_WORK TASK_
Please give back the listing exactly, without any of its pictures.

_EXERCISE DATA_
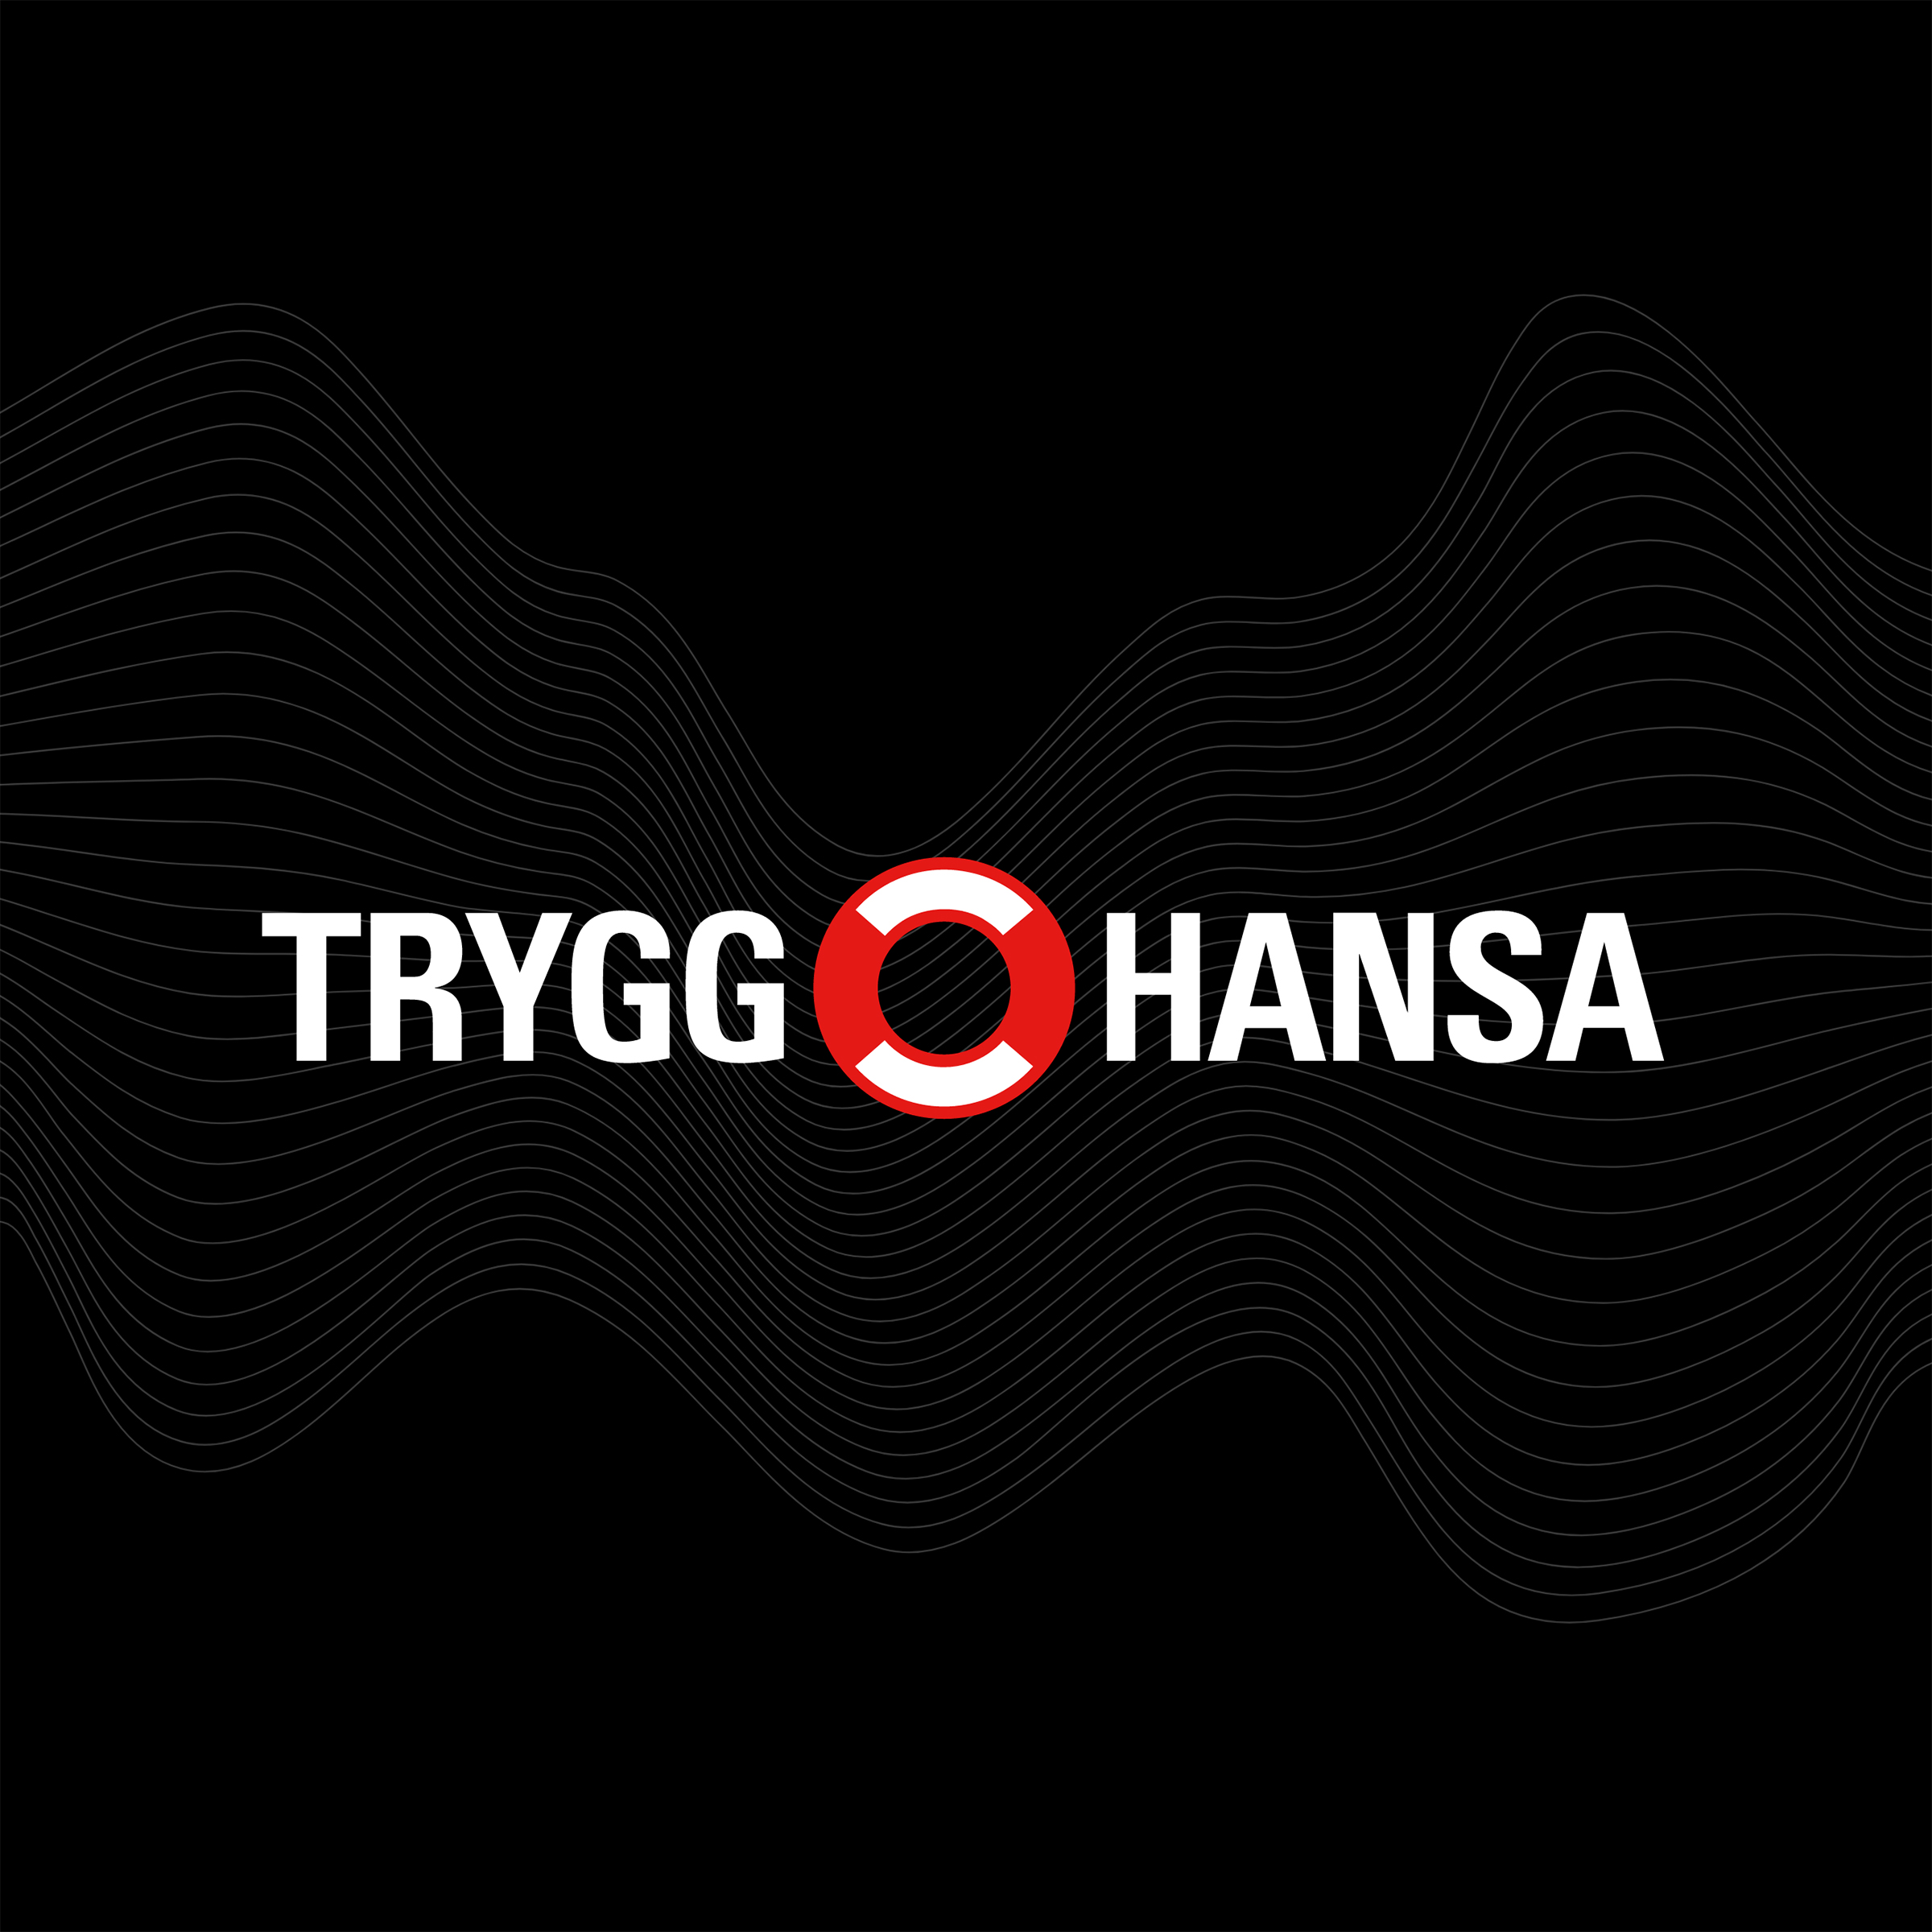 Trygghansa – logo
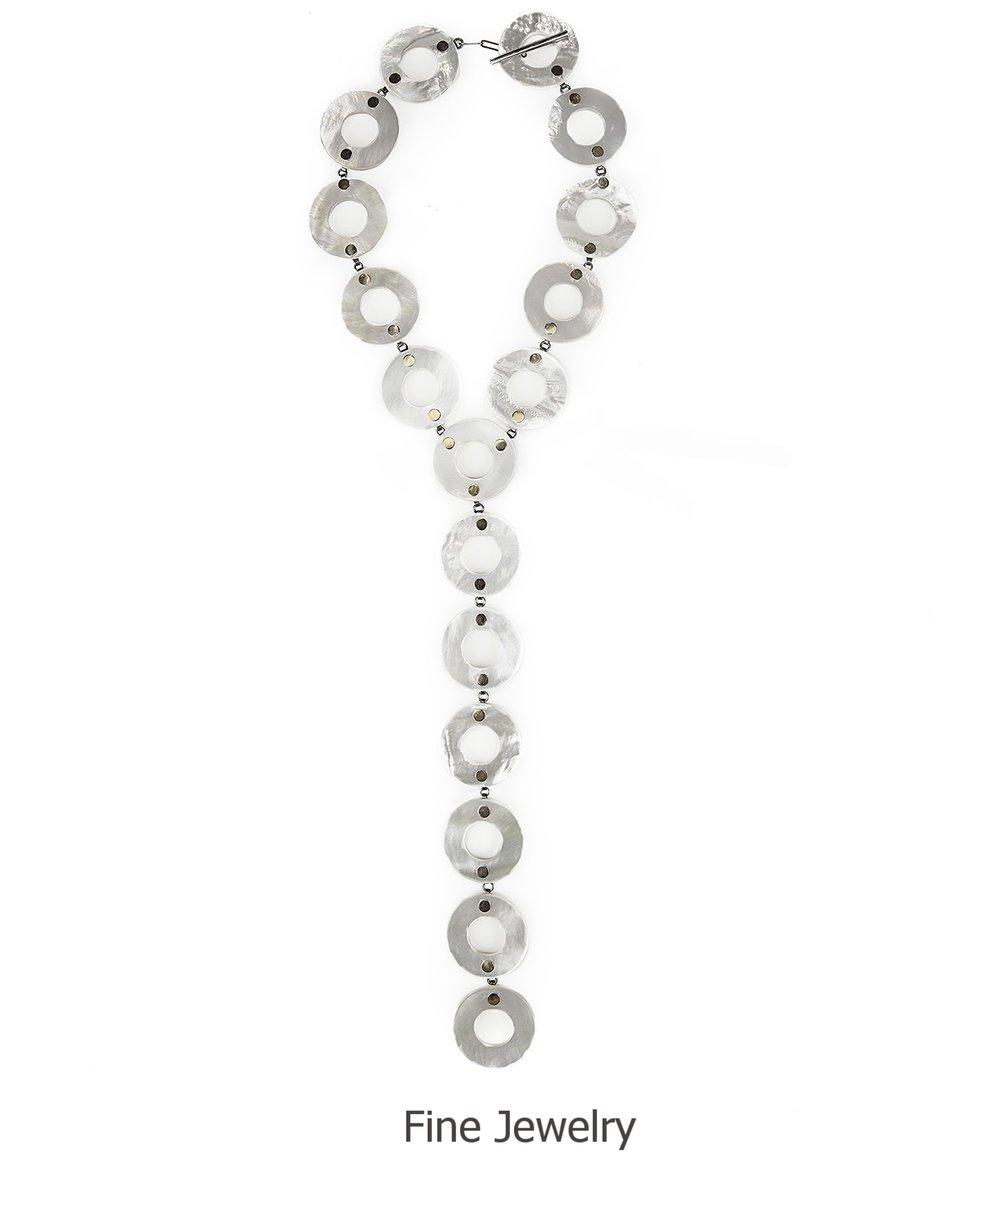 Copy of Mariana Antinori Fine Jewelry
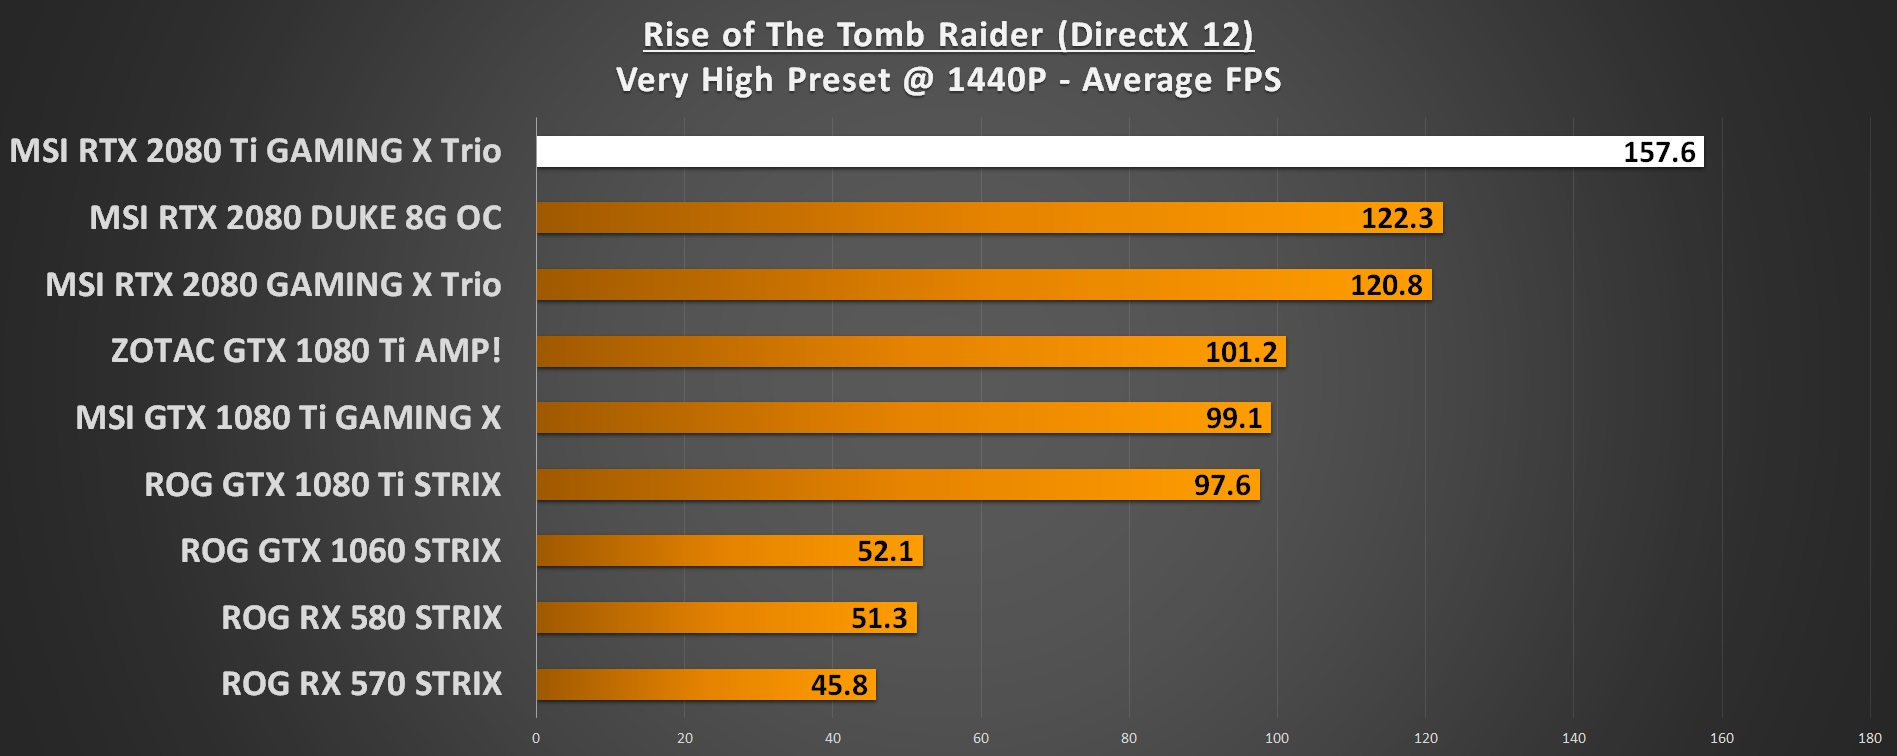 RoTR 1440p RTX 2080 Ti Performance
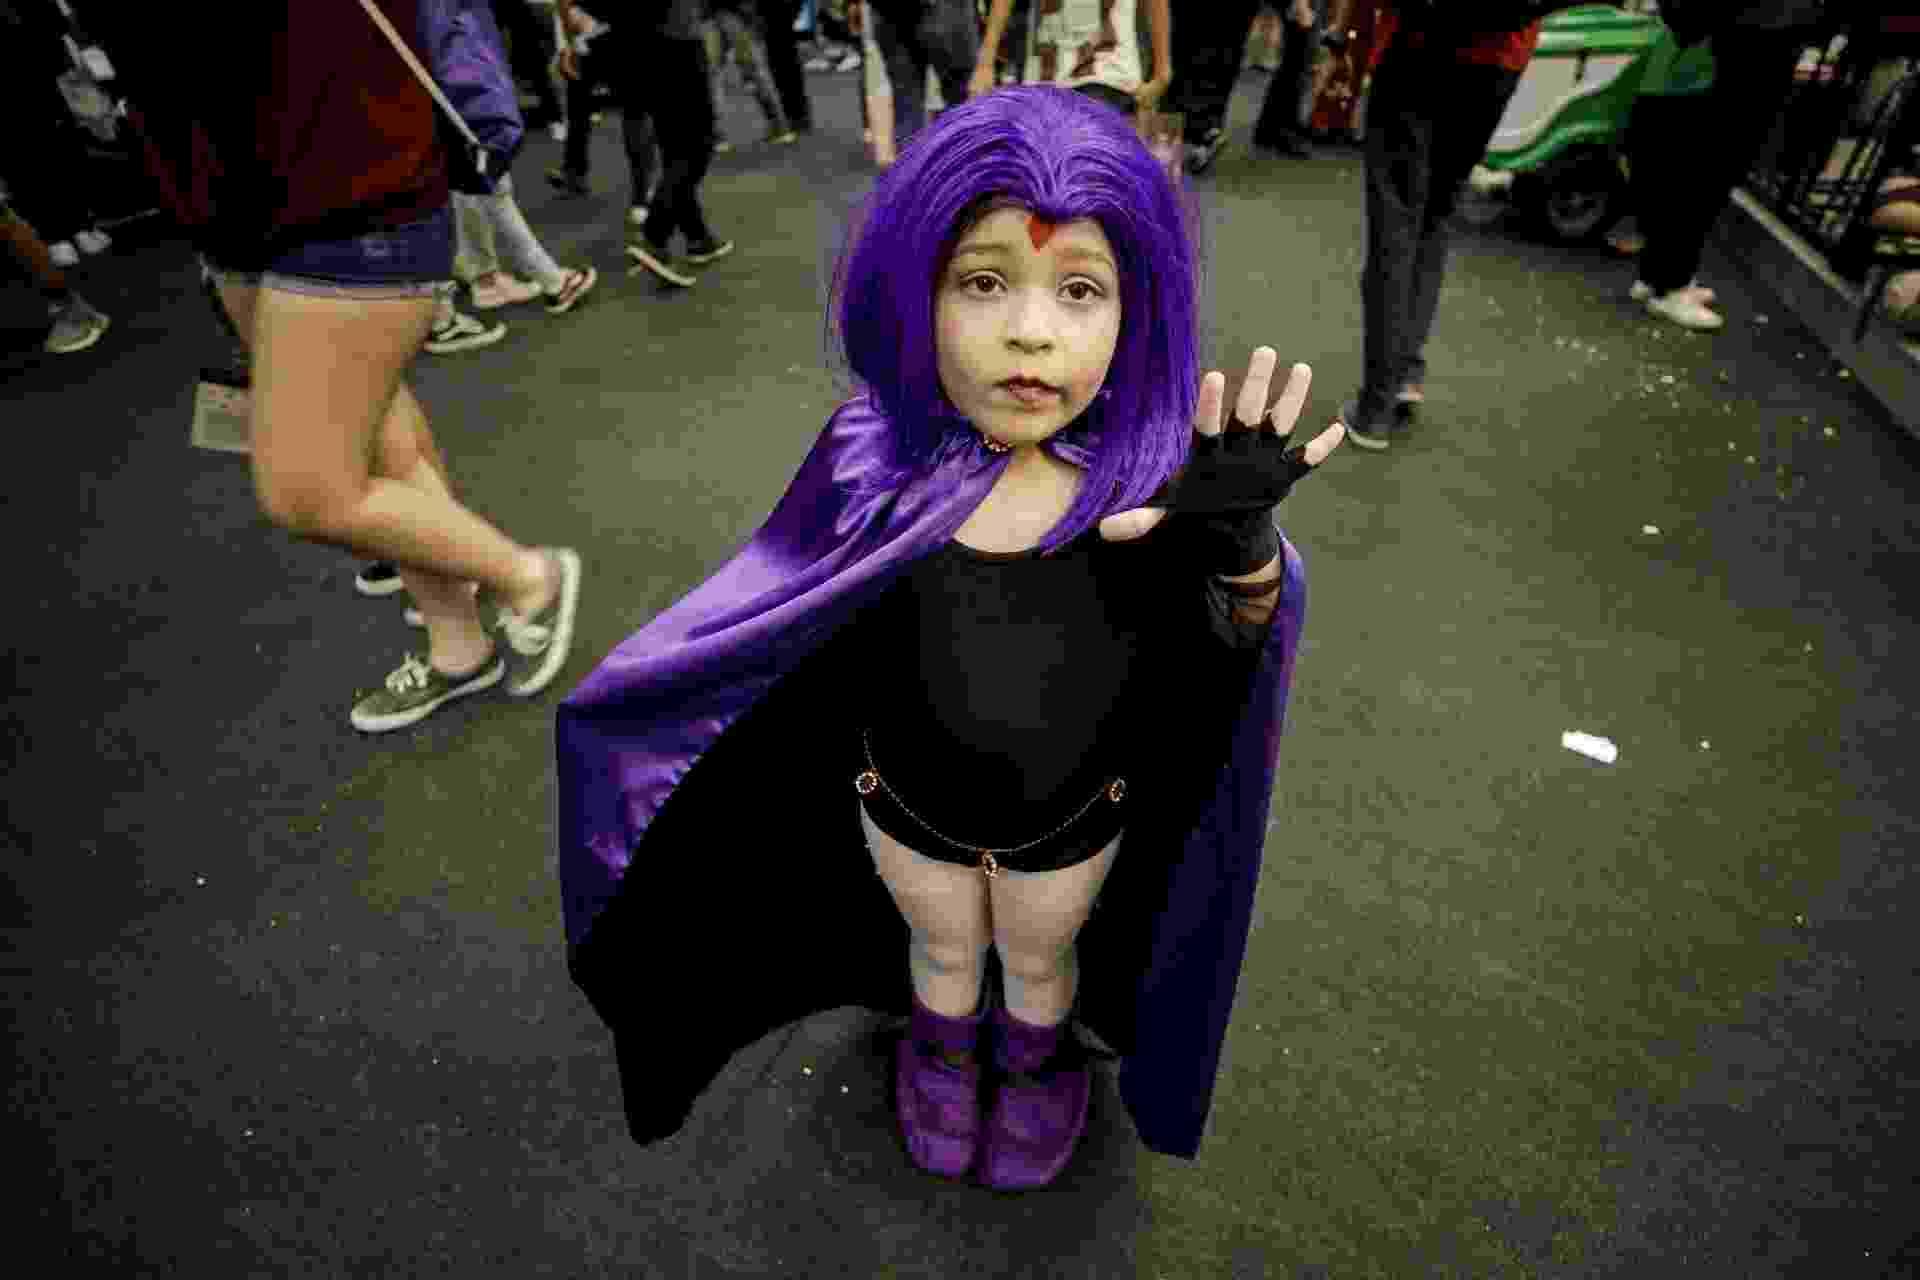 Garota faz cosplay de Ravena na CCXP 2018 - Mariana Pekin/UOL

_RESULT OF THIS EXERCISE_
 Trygghansa – logo
 Copy of Mariana Antinori Fine Jewelry
 RoTR 1440p RTX 2080 Ti Performance
 Garota faz cosplay de Ravena na CCXP 2018 - Mariana Pekin/UOL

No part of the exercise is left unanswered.